Saturday, July 18, 2015

Flight Session #35 - First Nova FPV flight

While I have flown FPV with my little Hubsan X4 H107d, this is my first attempt at flying my Nova with any kind of 5.8ghz FPV.

I took it up to about 10 meters. While keeping it in Loiter and/or Alt-Hold ... I carefully flew around the field using only the tripod mounted FPV screen.

Since I got a new set of HK DIY FPV Version-2 Goggles, I mounted my old Version-1 Goggles to a tripod. No Fresnel lens is used and the black foam box makes a nice sun-shade.




I had an spare iPhone tripod mount, so I cut a piece of balsa-wood with similar dimensions. I used M3 nylon standoffs to attach it to the back of the LCD screen.


Good day of manual flying through 2 batteries.

Sunday, July 12, 2015

Auto-Mission 06

My longest Auto-Mission to date at nearly 1 mile. Around a school and church, with an interesting situation near the middle with some power-line towers. Winds were around 14mph (on ground ... even faster higher-up apparently) and HDOP was good at 1.5. This video is HD with sound (and looks best full-screen).


Only second flight with all 3 on-board radios going (915mhz, 2.4ghz, 5.8ghz). I did get some in-flight RSSI warnings when Nova was on other side of school, but I think it was because school was blocking antennas Line-of-Sight. I think I might need to install a different voice on either Tower or Taranis ... it's difficult to let exactly which device is warning me, and about which radio.

As you know, I was watching Nova's progress through the mission on Tower in real-time. Among other (more important) things, this provided my cues to change camera pitch-angle.

To prove it can do it, I again let the Auto-Mission complete and land by itself. It was actually a pretty fair landing and looks worse than it really was. After it landed, it just tipped over slightly (of course, no damage).

I have no PowerModule (and no way to easily add one to this Cheerson FC) ... so it's good to know about how far I can mission-fly on this 2700mah battery. Yes, audible on-board Low-Voltage-Alarm was sounding as Nova was landing this time.

Friday, July 10, 2015

Mounting FPV vTX

I needed a place to mount my Boscam 5.8ghz 200mW VideoTX. Since I was now splitting the 12v between gimbal and vTX, I thought it might be helpful to have a switch also. This panel mod easily attaches to under-side (using landing-gear thumb-screws). Section supports can be cut to triangles and face will still be sturdy.

Low-profile Mobius Mini-USB video cable (HK)
DPST Switch
Various male/female red JST plugs so it is easily removable.
Small Harbor-Freight parts box





Same basic idea should work on other frames.
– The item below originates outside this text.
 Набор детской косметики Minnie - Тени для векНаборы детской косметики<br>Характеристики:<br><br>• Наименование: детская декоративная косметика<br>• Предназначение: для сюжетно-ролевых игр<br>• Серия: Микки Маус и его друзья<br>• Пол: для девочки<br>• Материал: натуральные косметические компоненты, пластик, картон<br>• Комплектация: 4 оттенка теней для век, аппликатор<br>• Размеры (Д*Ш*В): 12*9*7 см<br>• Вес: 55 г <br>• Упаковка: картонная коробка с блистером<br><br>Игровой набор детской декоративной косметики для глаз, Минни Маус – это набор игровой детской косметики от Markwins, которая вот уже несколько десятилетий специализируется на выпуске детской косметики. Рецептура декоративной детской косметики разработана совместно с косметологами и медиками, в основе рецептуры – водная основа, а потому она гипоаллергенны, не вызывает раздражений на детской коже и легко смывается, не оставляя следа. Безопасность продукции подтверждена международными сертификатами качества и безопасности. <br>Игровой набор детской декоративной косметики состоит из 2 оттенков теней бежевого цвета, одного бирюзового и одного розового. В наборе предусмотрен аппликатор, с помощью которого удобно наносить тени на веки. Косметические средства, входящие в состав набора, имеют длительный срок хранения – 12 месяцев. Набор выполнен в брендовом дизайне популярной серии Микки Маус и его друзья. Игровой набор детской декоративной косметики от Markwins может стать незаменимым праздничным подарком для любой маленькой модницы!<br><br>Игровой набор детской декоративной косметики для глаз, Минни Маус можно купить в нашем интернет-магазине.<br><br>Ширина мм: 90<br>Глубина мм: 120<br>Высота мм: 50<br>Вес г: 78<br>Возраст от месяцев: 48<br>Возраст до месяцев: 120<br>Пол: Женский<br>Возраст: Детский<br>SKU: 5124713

I'm leaving the small area directly behind gimbal free for a possible auxiliary 7.4v battery.

This is also a good pic of my new Landing Gear - Extended Rubber Feet. (see comparison)

Wednesday, July 8, 2015

Oh Puck, not again.

The Nova ended up on it's back again, and cracked the puck for the second time. Time to re-mount and re-orient compass-module.
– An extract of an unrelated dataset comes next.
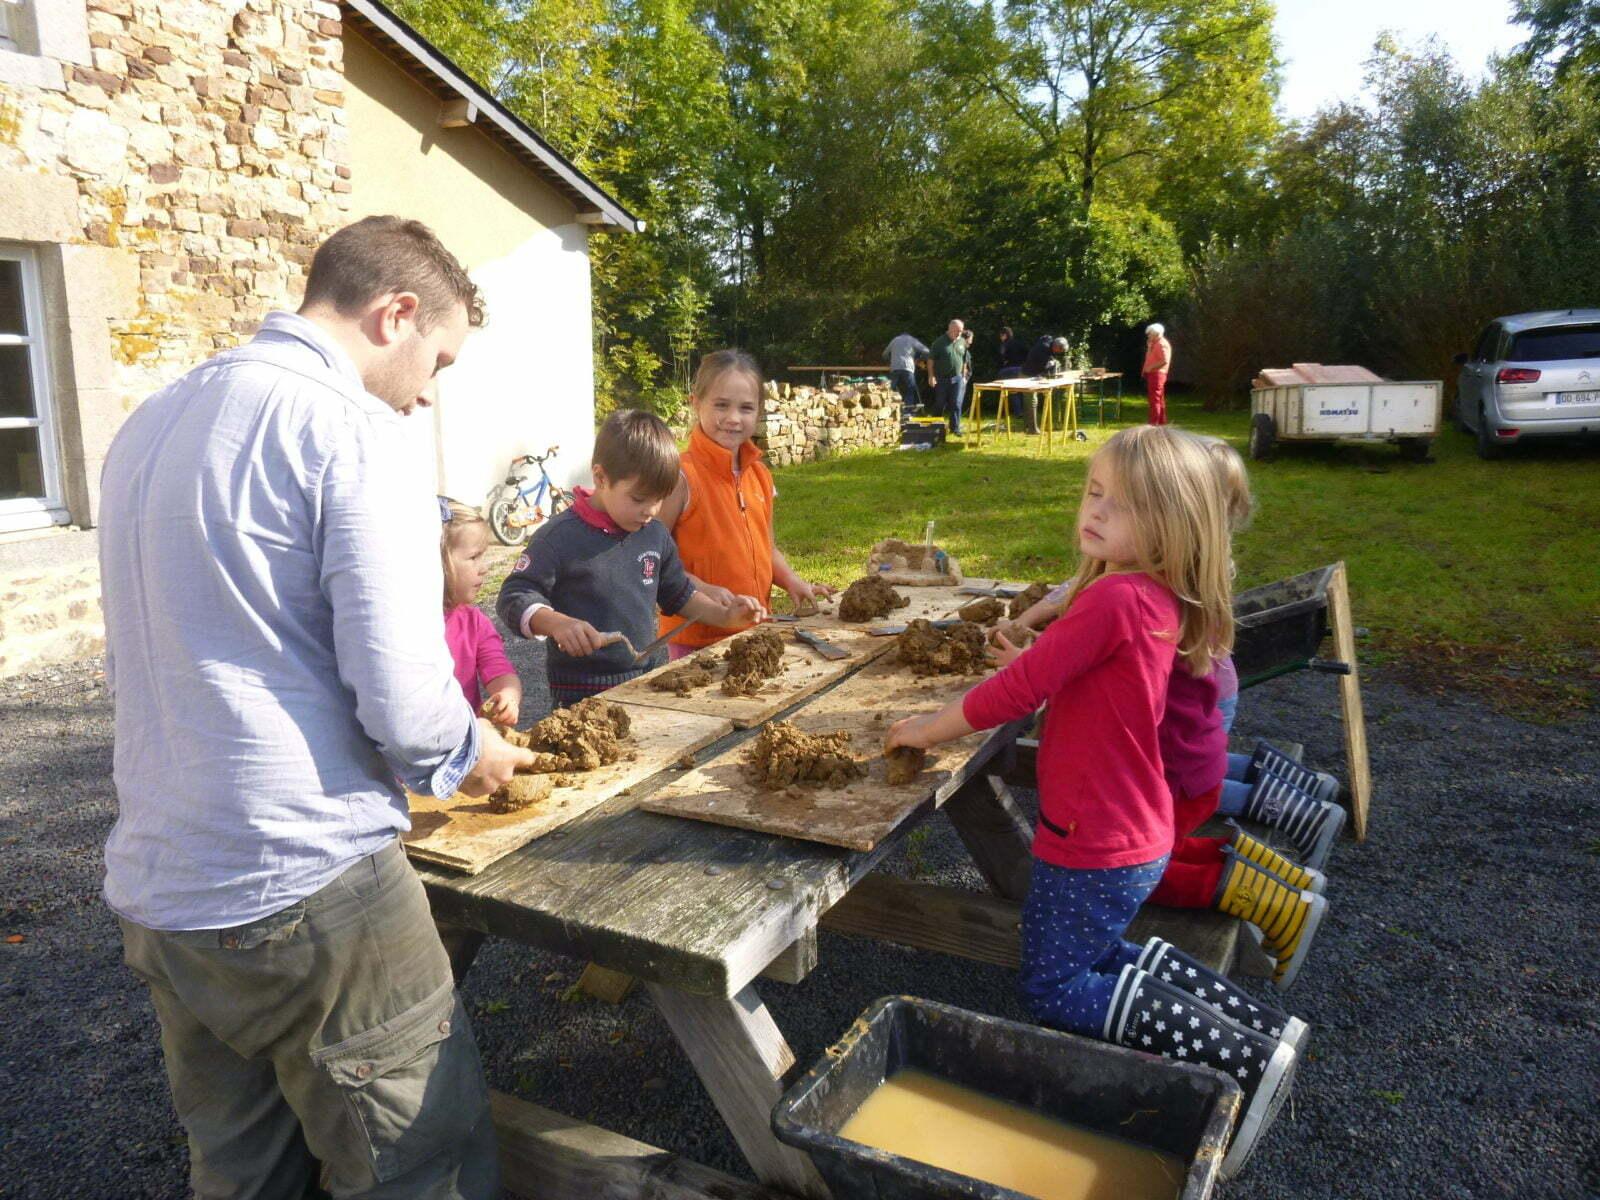 Atelier terre enfants - Pierre & Masse

I used Plastruct Solvent to glue white outer-shell back together and let dry over-night. Might as well save this plastic piece since it matches rest of body. Could have stopped there, but I think it needs to be sturdier. Inserted piece of wood with large heat-shrink on it in main hole ... it must fully fill it to keep epoxy from seeping-down. Mount lower puck to level surface so epoxy dries level. Filled puck with about 10ml of 30-minute epoxy (with added hobby fiberglass filler) to adequate level. After it dries over-night, epoxy surface is flat. Cut away tubing to reveal small hole for connector and cable.


The puck is now stiffer and sturdier. With drill-press, drilled small holes thru epoxy for mounting screws and compass hold-down strap.


Even with it mounted slightly forward (with foam tape), notice that compass chip is still perpendicular and parallel to quad center-line. In this orientation, I set parameters to:
COMPASS_EXTERNAL,1   (external compass)
COMPASS_ORIENT,2   (yaw compass 90 degrees)




MissionPlanner HUD would not show proper direction until after initial compass calibration. First calibration attempt was fast/clean but a poor -434, -21, -14. Second attempt was similar (results +/- 5%).  sats=8, hdop=1.8, 3min warm-up, AutoDec. This is prior to re-mounting compass Yawed 90 degrees. With this additional step, compass can stay mounted while puck is removed. It's also obvious that getting actual compass chip even slightly further away from metal (screws) is worth the effort (to get better compass calibration offset results).

Additionally, using de-magnetizer on metal screws and screwdriver got 400's of previous attempts down to low 200's.  Final working calibration was -37, -226, 135.  sats=8, hdop=3.4, AutoDec. All calibrations were done outside on deck with view of sky.

I might try nylon screws if I can find suitable ones, although, this setup is real sturdy.